This cohort study conforms to The Strengthening the Reporting of Observational Studies in Epidemiology (STROBE) reporting guidelines, [20] documented in appendix 1 of supplementary materials. Ethical approval was granted by King's Psychiatry, Nursing and Midwifery Research Ethics Committee (HR-19/20–18,247) and research was performed in accordance with the Declaration of Helsinki.

Setting

The King's College London Coronavirus Health and Experiences of Colleagues at King's (KCL CHECK) study explores the health and wellbeing outcomes of the COVID-19 pandemic on staff and PGRs. A protocol is available [19]. Briefly, on 16 April 2020, all KCL staff and PGRs were invited via email and internal social media to participate in an online survey (‘the baseline survey’). The survey was open for enrolment for two weeks. Participants provided informed consent for their data to be used internally and for research purposes, and were given the opportunity to opt in to follow-up surveys (surveys every two months and shorter surveys every two weeks) and antibody testing.

Participants

All KCL CHECK participants who consented to follow-up and gave a valid UK address were sent a test kit. Participants residing outside the UK in June 2020 were excluded for logistical reasons. Participants were included in this analysis if they returned a valid antibody test result by 13th July 2020.

Data collection

Table 1 shows the schedule for follow-up surveys, with the first referred to as Period 1 (P1). Questions in the baseline and longer follow-up surveys asked about experiences in the last two months (e.g. P4); questions in the shorter fortnightly surveys referred to the last two weeks. This analysis reports data from surveys at P0 (baseline) to P5, which took place between April and June 2020.

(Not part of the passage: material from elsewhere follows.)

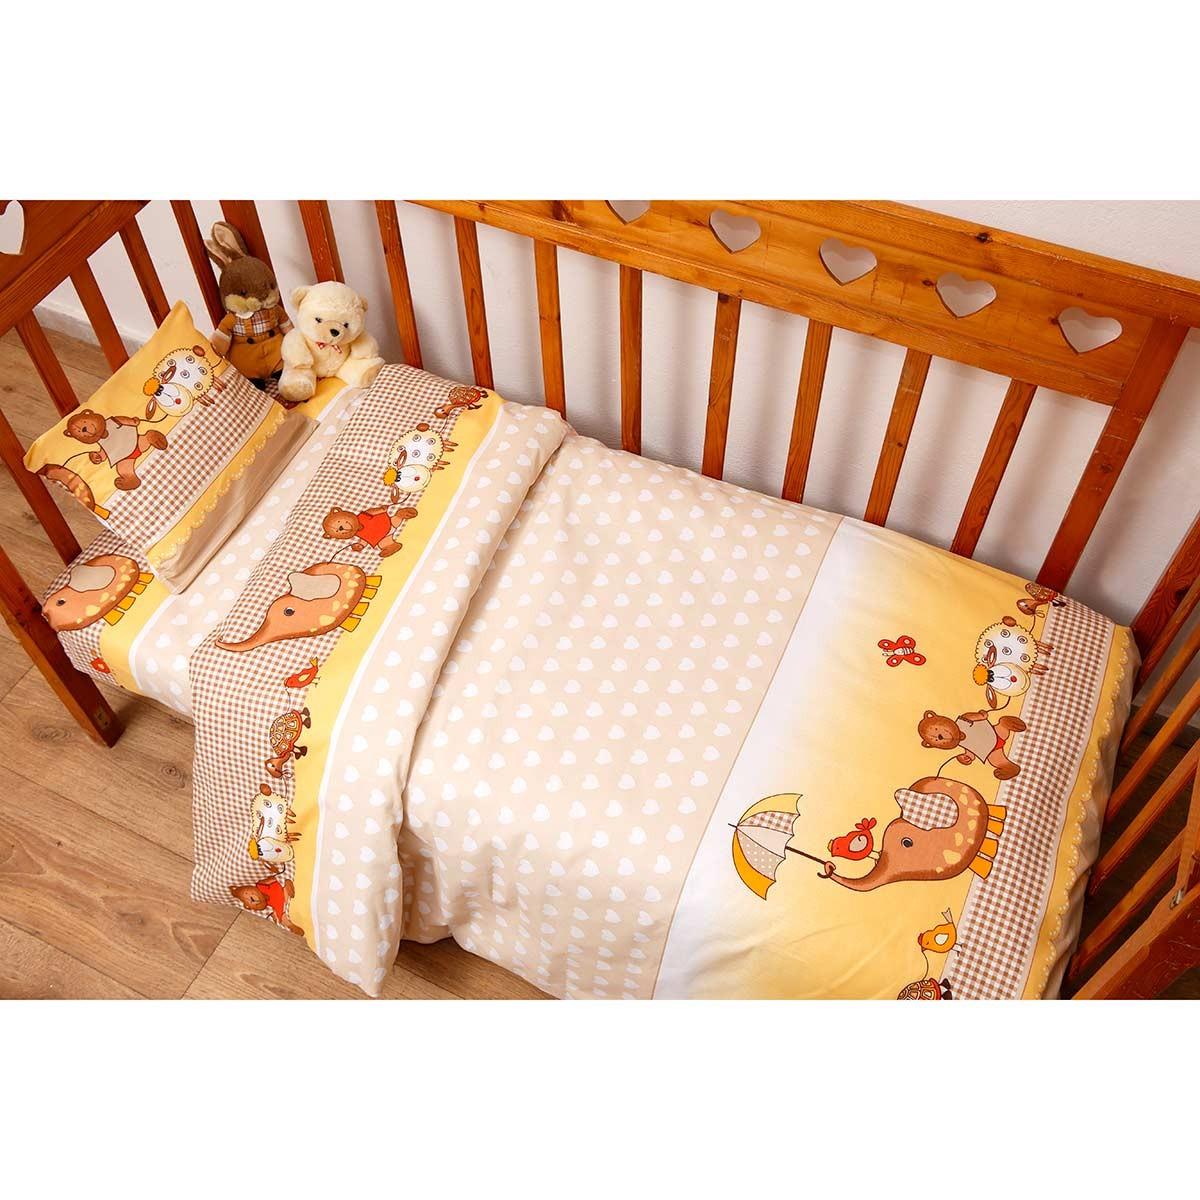 Σεντόνια Κούνιας (Σετ) Viopros Baby Cotton Χάρι

Table 1 Periods of data collection for KCL CHECK to week 18 (April – Aug 2020)

The antibody test provided was the SureScreen Diagnostics Rapid COVID-19 IgG/IgM Immunoassay Test Cassette, which detects antibodies to the 'spike' protein of SARS-CoV-2. The performance of this test (under laboratory conditions) has been shown to be good. For example, using samples from 268 keyworkers who self-reported positive COVID-19 antigen/PCR tests and 1,995 historical samples, it had 94.0% sensitivity and 97.0% specificity, also showing 96.3% agreement with the SAR-CoV-2 spike antibody enzyme-linked immunoassay (ELISA) result for 2,847 keyworkers [21]. An internal pilot demonstrated that participants could use the test cassette without specific training [22]. We developed our procedure and detailed illustrated instructions following pilot feedback, shown in supplementary material appendix 2. In late June 2020, the test kit was posted to participants, including the test cassette and a lancet for providing a blood spot. Participants uploaded a photograph of their result to a secure server. Participants were asked to email the team if they had difficulties, who answered within two working days and could arrange for a replacement kit (sent in early July 2020).

Deriving COVID-indicators

Self-reported COVID-indicators were measured at baseline and follow-up surveys as follows.

- Suspicion of COVID-19 illness: At baseline (P0), participants were asked, "Do you think that you have had COVID-19 (coronavirus) at any time? Definitely/Probably/Unsure/No". At P1, P2, P3, and P5, participants were asked, "Do you think that you have had COVID-19 (coronavirus) in the last two weeks?" At P4, participants were asked, "Do you think that you have had COVID-19 (coronavirus) in the last two months?". Positive suspicion was defined as a response of "Definite" or "Probable" in any survey (P0-P5).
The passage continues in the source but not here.